The Need for Asylum

With so much media attention and social discussion of the issues at the USA border and the flow of asylum-seekers in Europe, we should be wondering what causes the need to seek asylum in so many places?


The obvious simple answer is: too many people with too little livable habitat for humans. How come?


Historically, religious groups have encouraged, sometimes demanded, more reproduction without recognition of the need for food and environmental support. Recognition that increased births resulted in increased starvation and malnutrition in many regions should have made this advice immoral.


Business leaders who depend on consumerism for their profits also have marginalized many and made them try to move to a better place for consumption, whether needed or not. Because consumerism is a driver in some cultures, such as the USA, government policy and manipulation often provides substantial support for increased consumption even by those who can’t afford it economically. And the globe can’t afford it either.
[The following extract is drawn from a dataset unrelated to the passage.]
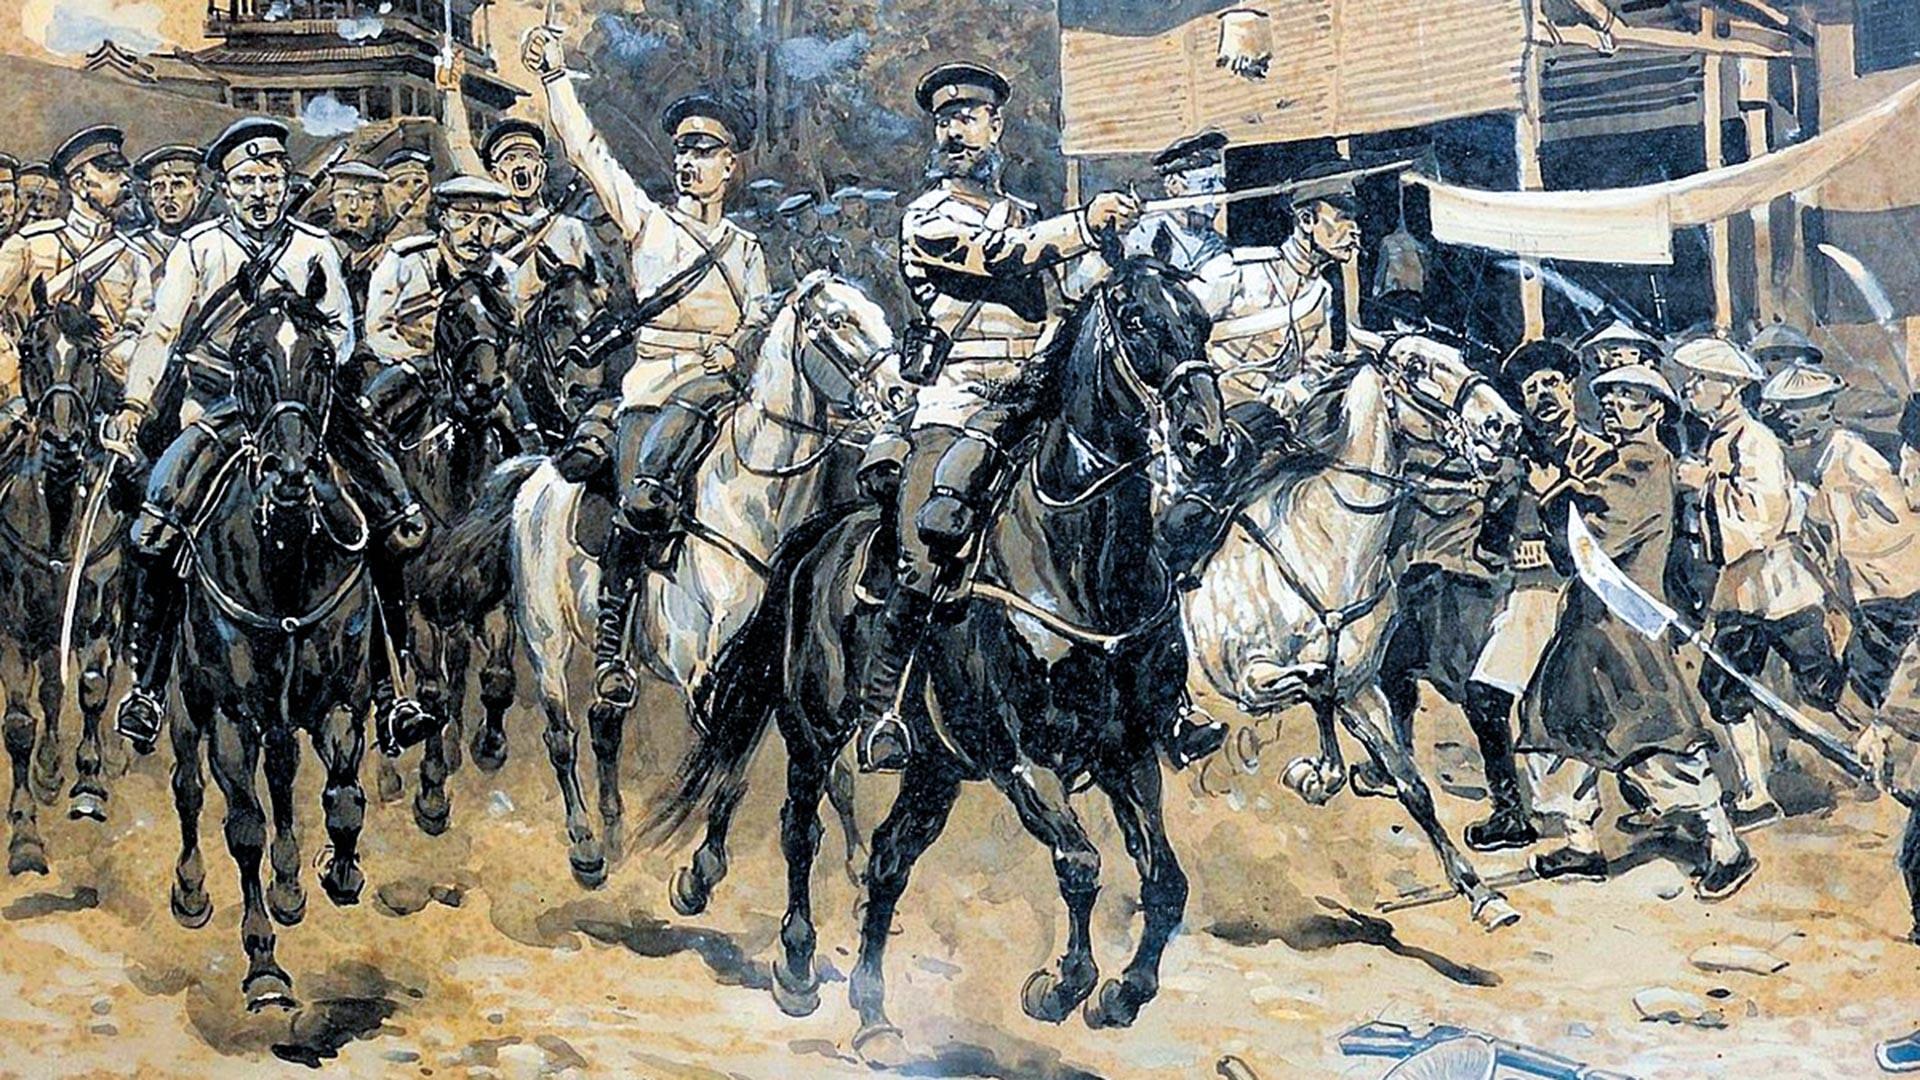 Русская кавалерия в Китае при подавлении Ихэтуаньского восстания.

Currently, and historically, political ambitions have fueled conflicts that reduced the capacity of many regions to support human populations. With a supply of weaponry from developed nations, minor conflicts are able to reduce the carrying capacity for humans at rates that cannot be overcome except by leaving the area. Commonly, this destruction has no direct effect on the powerful nations who foster the conflict for political gain. Consider the history of conflicts in Middle America and the flow of asylum-seekers several decades later. The only direct effect on the nations that have instigated the conflicts is the inconvenience of the incoming flows of asylum-seekers.


In response we string razor wire, build walls and complain, without acknowledging the fundamental causes of the need to seek asylum. The most basic step clearly is the need to match the number of humans to the environments available to support them.


The Global Footprint Network calculated that to supply only food, wood, fibre and ability to absorb carbon dioxide in 2017 we needed the support of 1.71 worlds. Others calculate that if a wider range of resources is included, we need between 2 and 3 worlds to supply the amount of human environmental support that the global human population currently uses. We are surviving by using up our global capacity to support ourselves. Yes, we are using up the farm and the factory. We eat up the capital instead of living off the interest.


The number of humans multiplied by the amount of resources consumed by each one of us sets the rate at which we are using up the world’s ability to produce what we need. The need for asylum is just the first sign of the problem.